Hoe u motorstoringen kunt opsporen met de oliedipstick.
De oliedipstick is niet alleen een instrument om het oliepeil te controleren. Het is een echte indicator van de gezondheid van de motor, die van tevoren kan waarschuwen voor mogelijke problemen. Veel bestuurders gebruiken het alleen om het smeerniveau te controleren, maar ervaren automechanica weten: de dipstick kan veel meer vertellen.

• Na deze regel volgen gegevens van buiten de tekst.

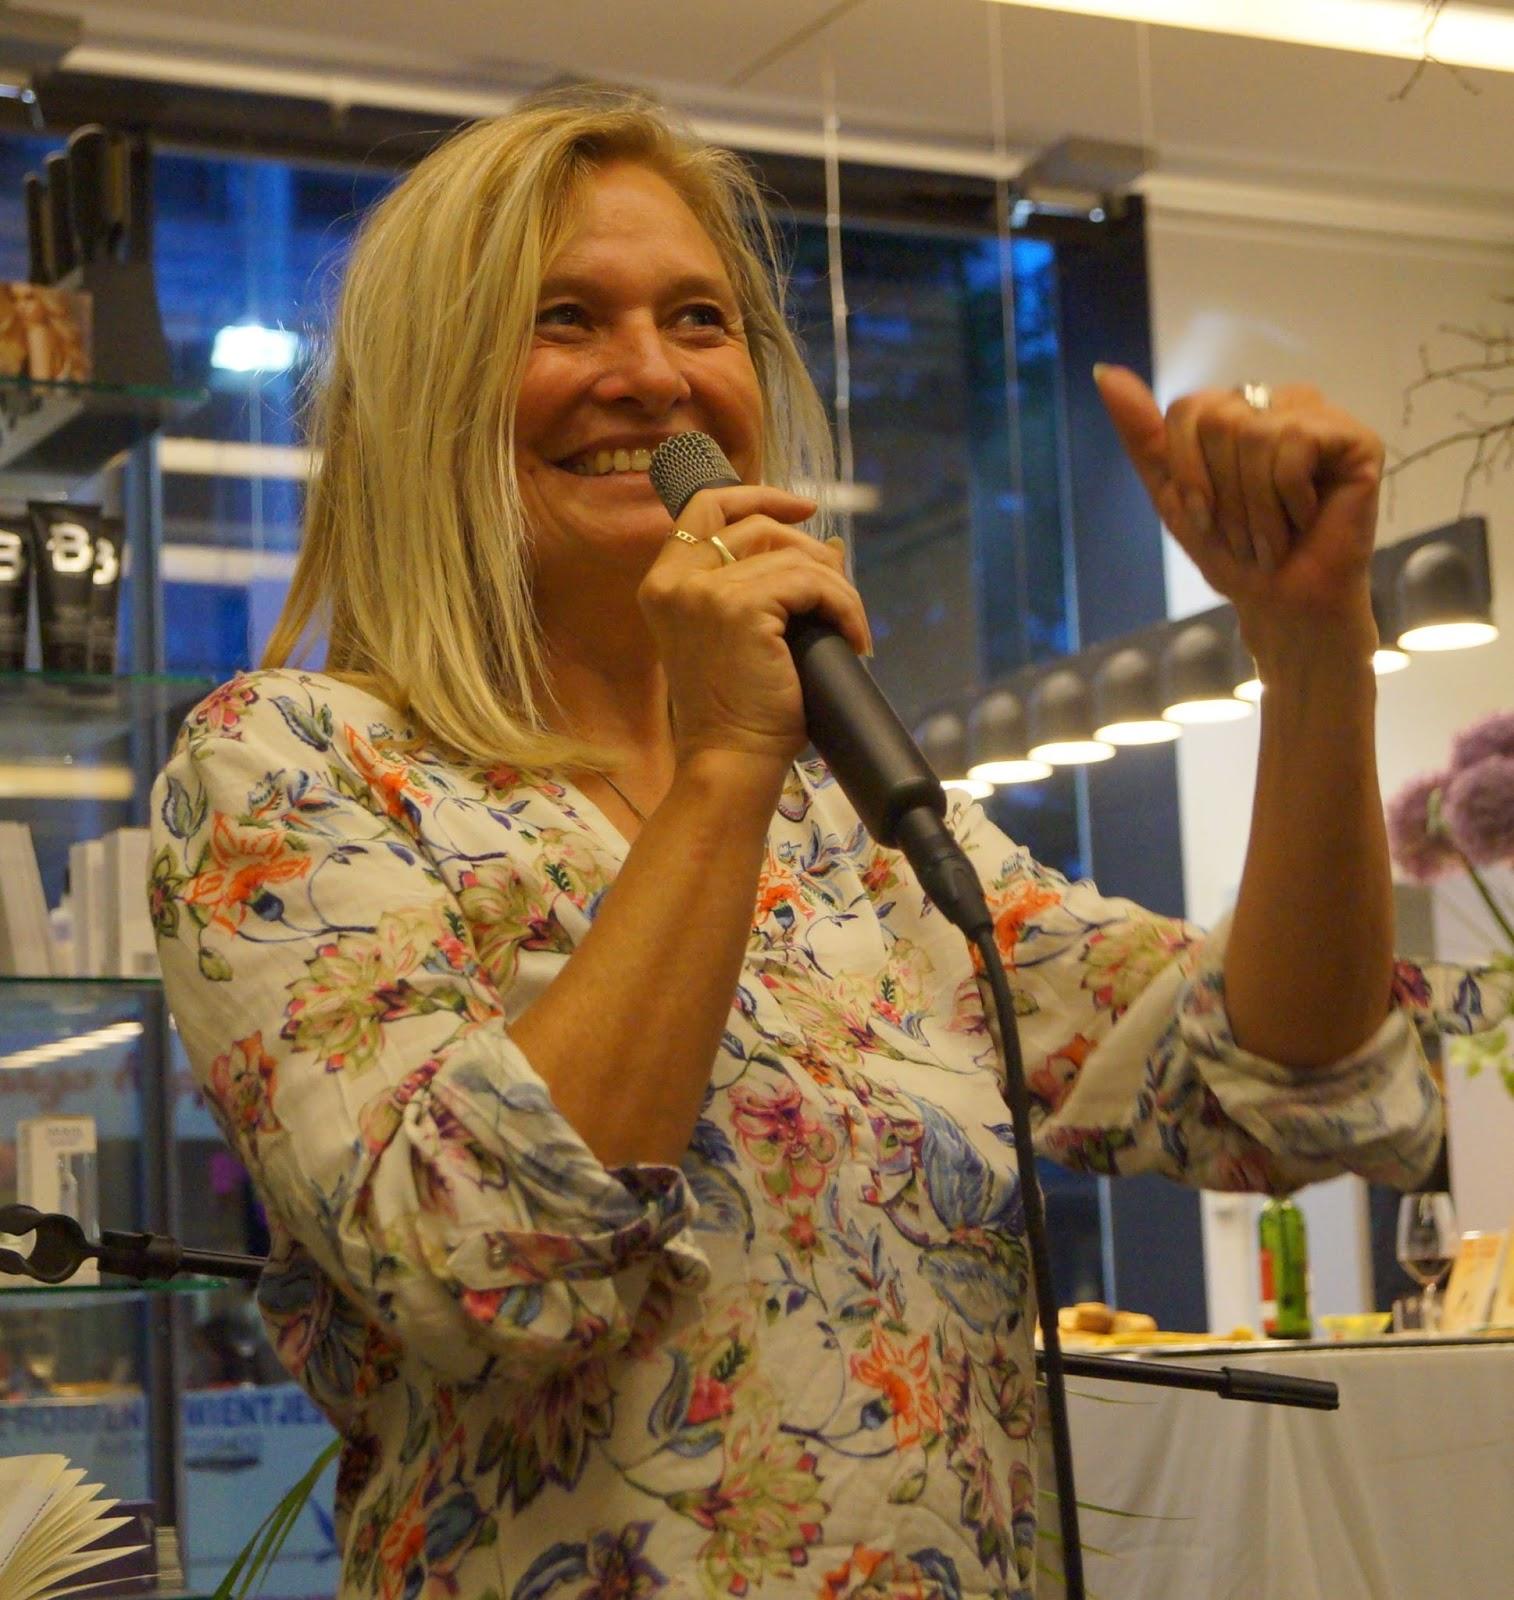 Lesendes Katzenpersonal: [Lesung] Susanne Aernecke stellt \

Om te testen moet u de motor starten en proberen de dipstick eruit te trekken of de vuldop los te draaien. Bij een goed functionerende motor gaat dit gemakkelijk - het carterventilatiesysteem creëert een lichte onderdruk die de dipstick op zijn plaats houdt. Als u echter een sterke weerstand voelt of er gassen vrijkomen tijdens het verwijderen, is dit een waarschuwingssignaal.
In de motor is er altijd een kleine hoeveelheid gas dat ontsnapt uit de verbrandingskamers naar het carter. Deze worden afgevoerd door het carterventilatiesysteem (PCV), dat ze naar de inlaat leidt voor verbranding. Het belangrijkste onderdeel van dit systeem is een klep met een flexibele membraan, die de druk reguleert. Na verloop van tijd raakt de membraan versleten, de klep blokkeert, en de olie begint te verbranden in de cilinders. Het resultaat: blauwe rook uit de uitlaat, olie in het luchtfilter en verhoogd smeerverbruik.

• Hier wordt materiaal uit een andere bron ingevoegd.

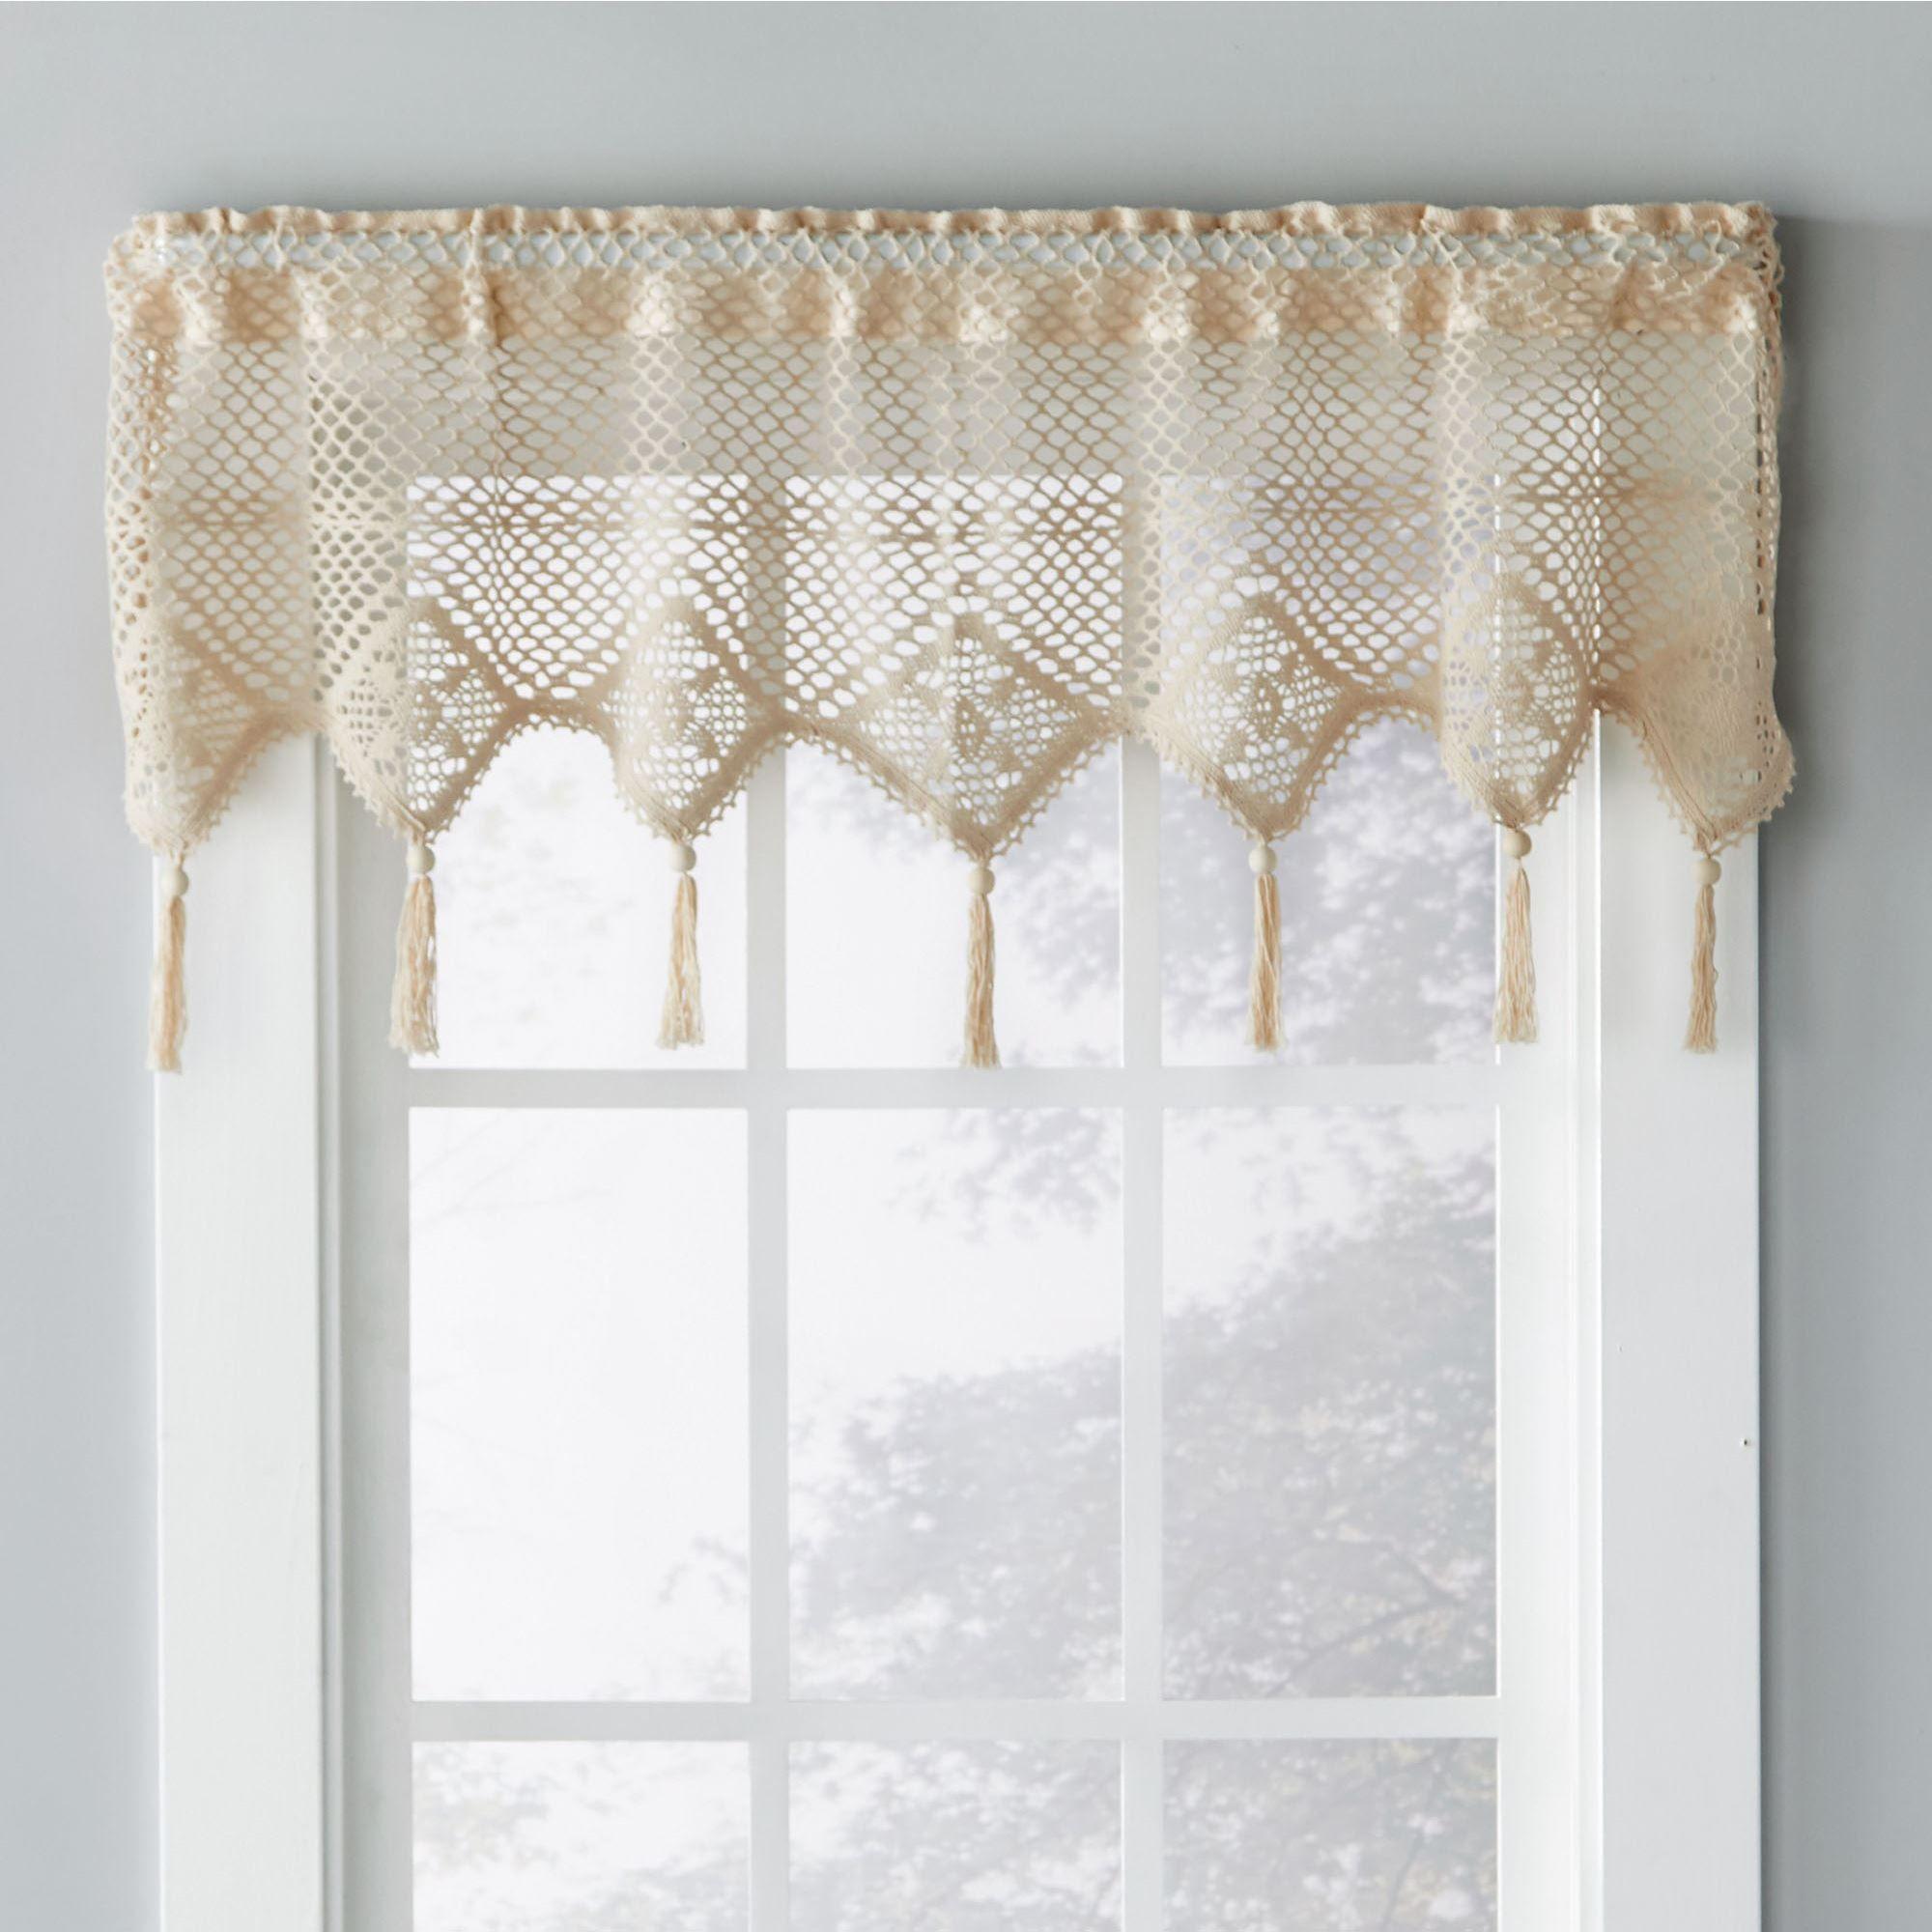 Boho Tasseled Crochet Window Valance

Goed nieuws: als de dipstick tijdens het draaien van de motor terug “aanzuigt”, dan is waarschijnlijk alleen de PCV-klep de schuldige. Vervanging ervan lost het probleem op zonder dure reparaties.

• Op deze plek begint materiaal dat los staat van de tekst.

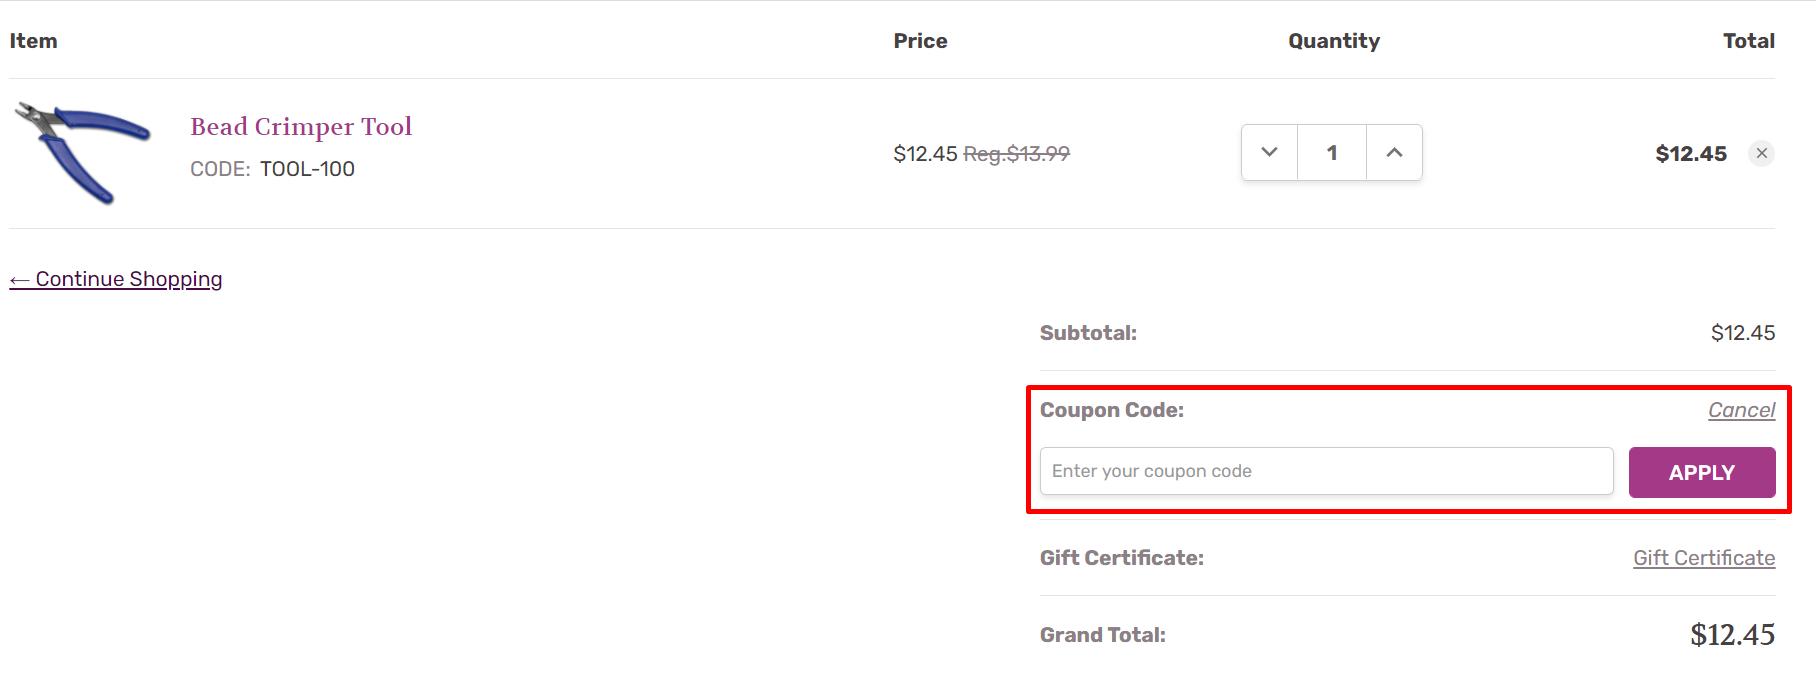 How do I use my Artbeads.com coupon code?

Slecht nieuws: als de dipstick naar buiten wordt geduwd, is het probleem ernstiger. Meestal wijst dit op:
Volgens de redactie van Auto30 is het controleren van de dipstick met draaiende motor een eenvoudige maar effectieve methode voor vroege diagnose. Als u afwijkingen opmerkt, controleer dan onmiddellijk de PCV-klep. Als het probleem dieper zit, wacht dan niet met een bezoek aan de garage.